The backlist can represent a huge part of a publisher's income. In recent years, Houghton's backlist has brought in as much as 80 percent of its trade profits. "Any one of us would love to have Houghton Mifflin's and Harcourt's backlists," McFeely said. "Houghton has J.R.R. Tolkien, the Peterson field guides, Philip Roth. Harcourt has T.S. Eliot, Robert Penn Warren. Both lists are gems. But I'd guess they'd have a hard time finding a buyer who would pay what they paid."
"I think it's heartbreaking that decisions made by a series of corporate owners are decimating two venerable publishers," said Wendy Strothman, a former Houghton executive who is now a Boston literary agent. "It was their hubris in taking on so much debt when anyone could see that the economy was weakening. The editing and marketing operations pursued quality, and were creative.

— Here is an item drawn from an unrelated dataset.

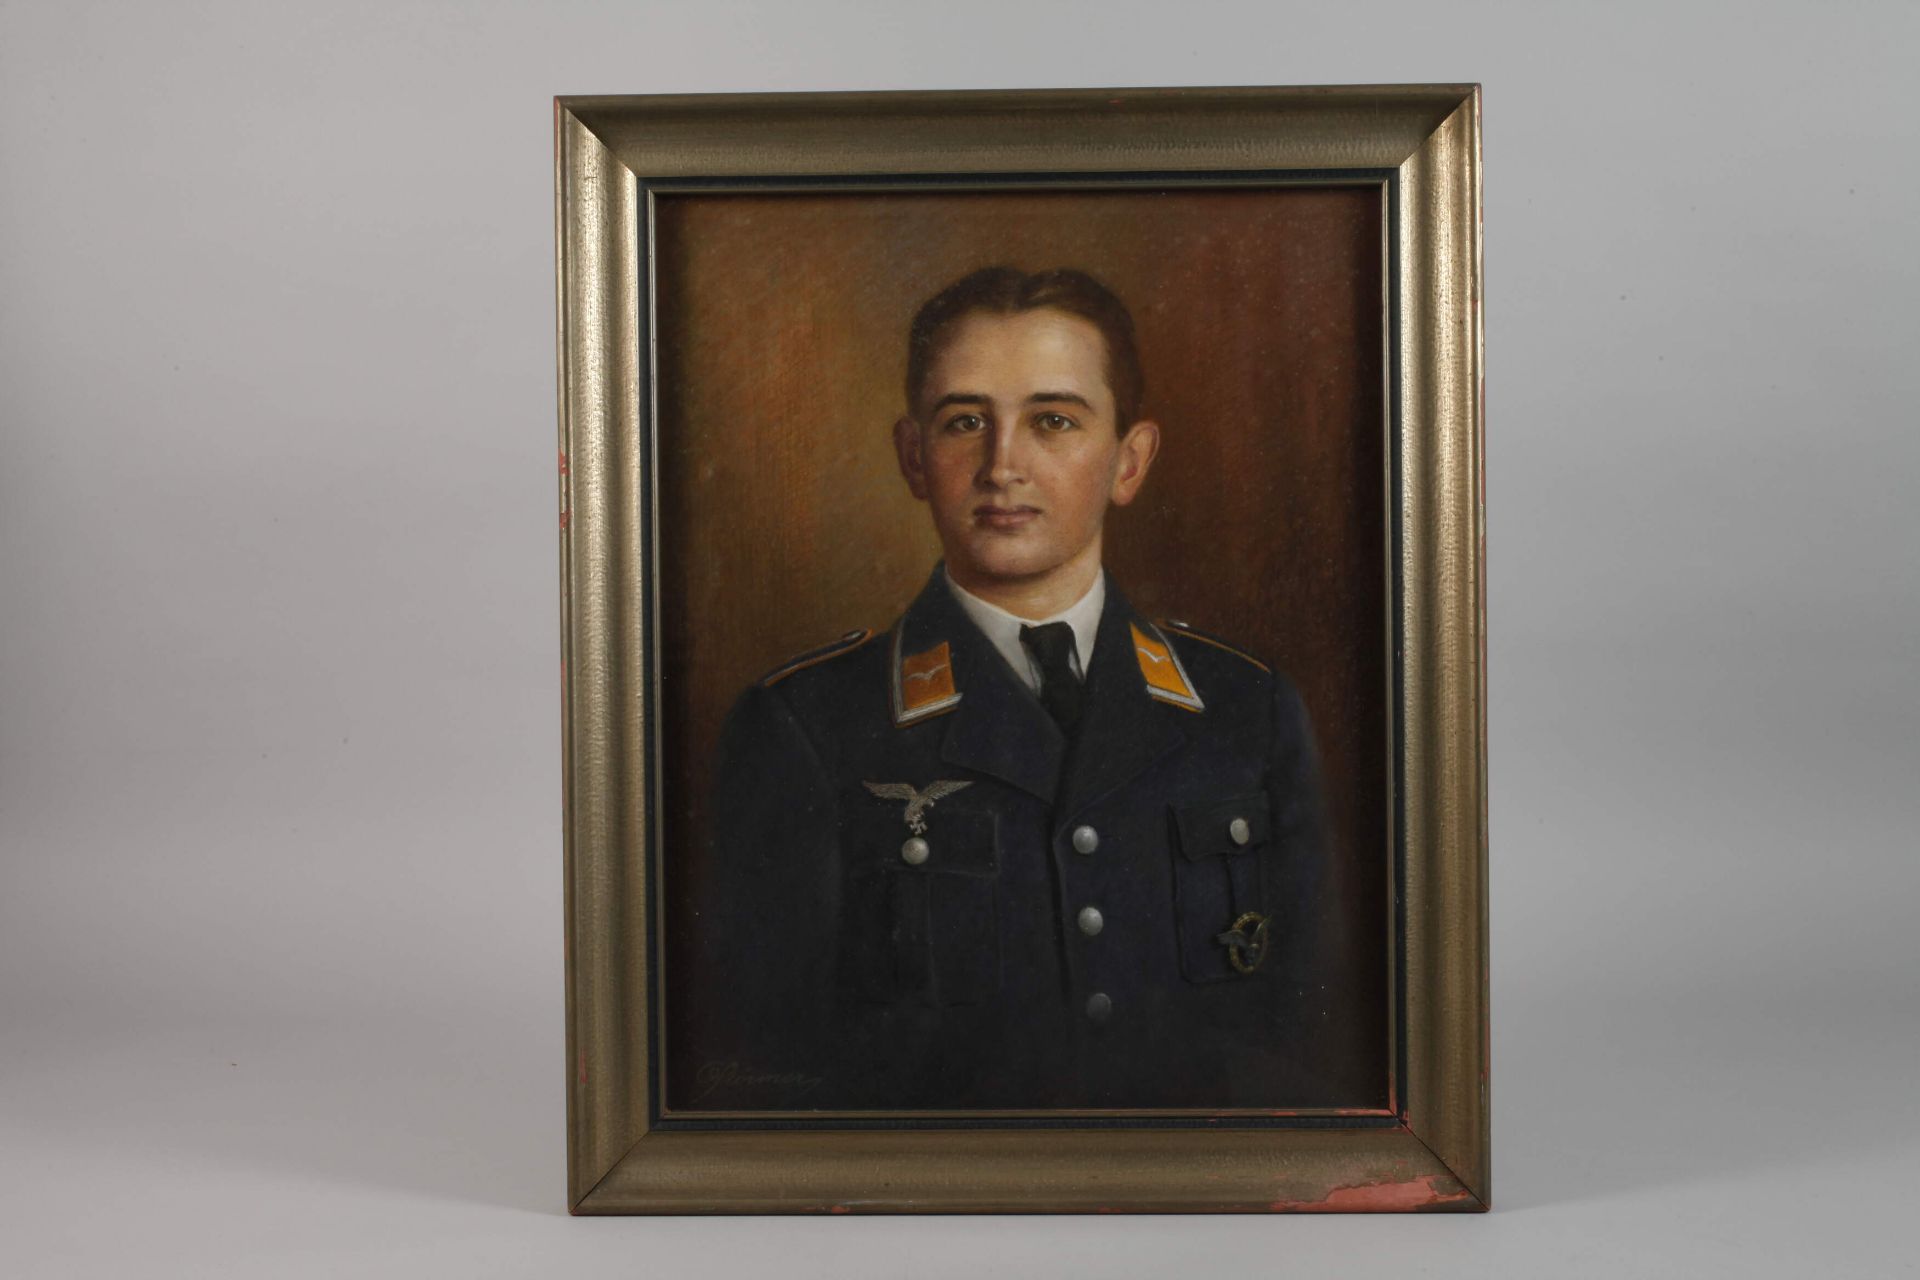 Soldier portrait 2nd World War - Image 2 of 3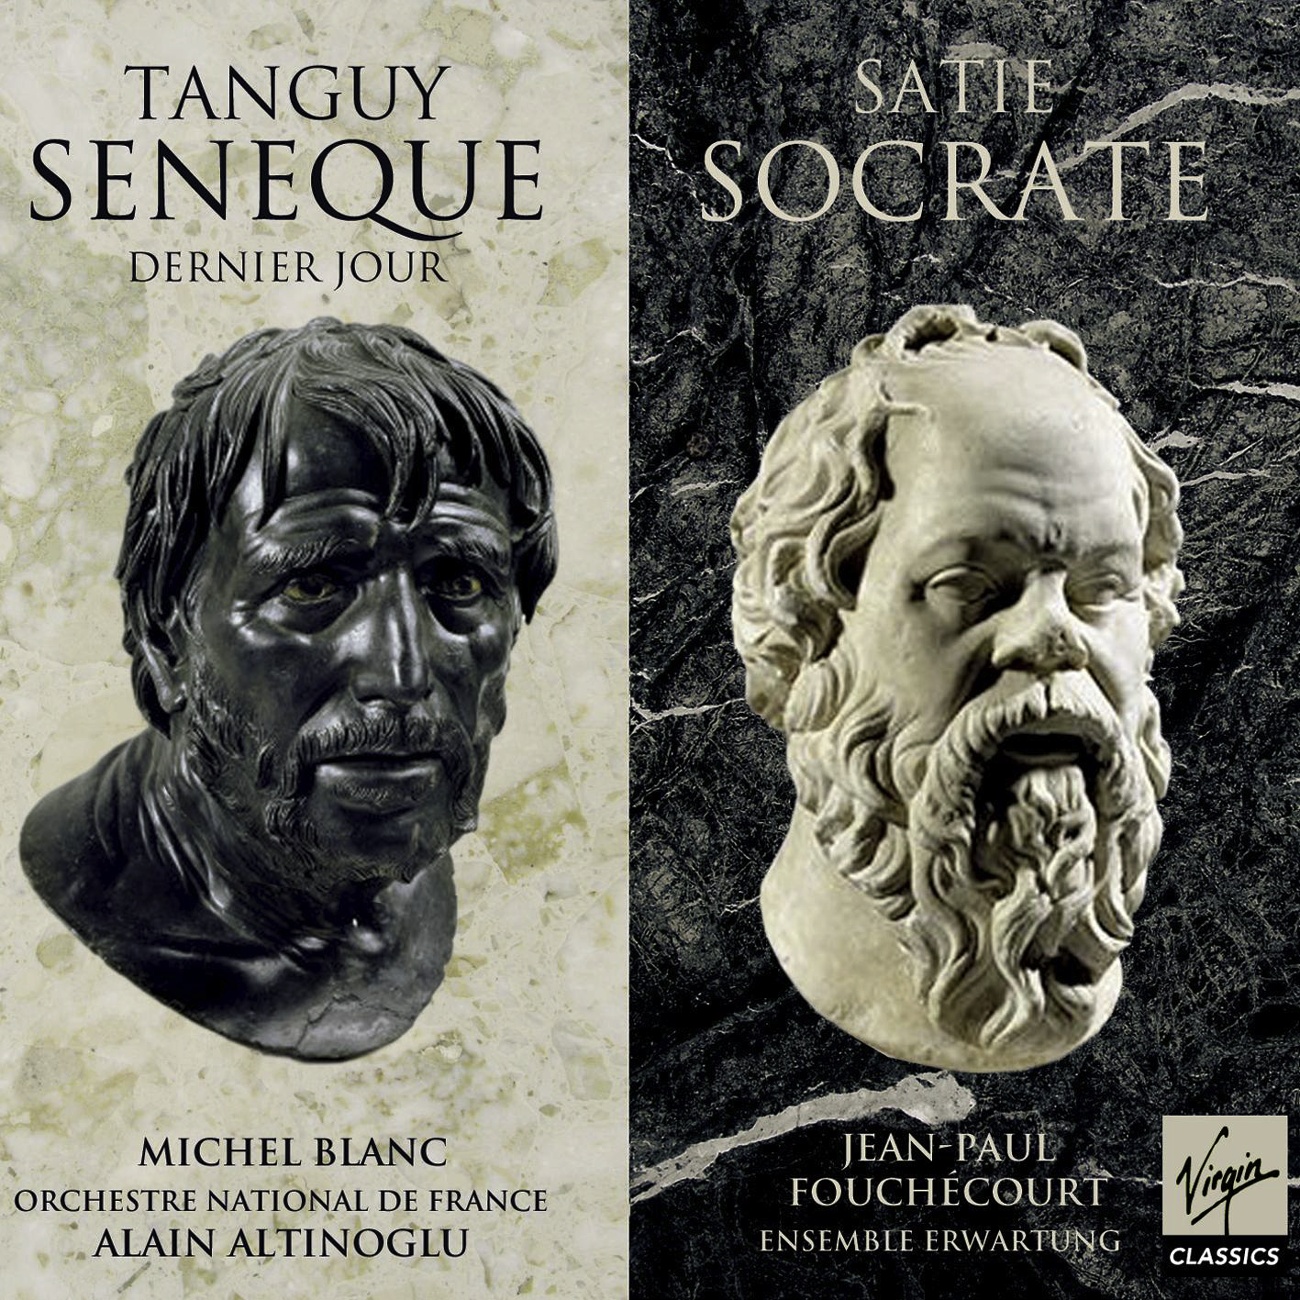 Tanguy : Se ne que, dernier jour  Satie : Socrate

It's not about the books; it's about the gross mismanagement of the owners."
This last bit is the saddest part of this whole story - poor management decisions seem to be behind the decision to sell the publisher again while, in the meantime, a desperate cutback to conserve cash is put into place. With a liability of $500 million interest per year on this huge debt, the Irish owners have severely weakened Houghton Mifflin Harcourt's chances of surviving in today's economic environment.

HMH spokesman Josef Rosenfeld has denied that the publisher is in the midst of a "freeze, offering this statement in explanation of what is happening:
"A headline about a freeze is very appealing, but in reality all we're doing is taking a good, hard look at everything that comes in, much the way this company is watching all expenses and expenditures," "It's just a higher degree of scrutiny.
If that gives you the impression of a man blowing smoke, don't feel bad. I get the same impression. This, unfortunately, is a company in big financial trouble and what happens next is anyone's guess.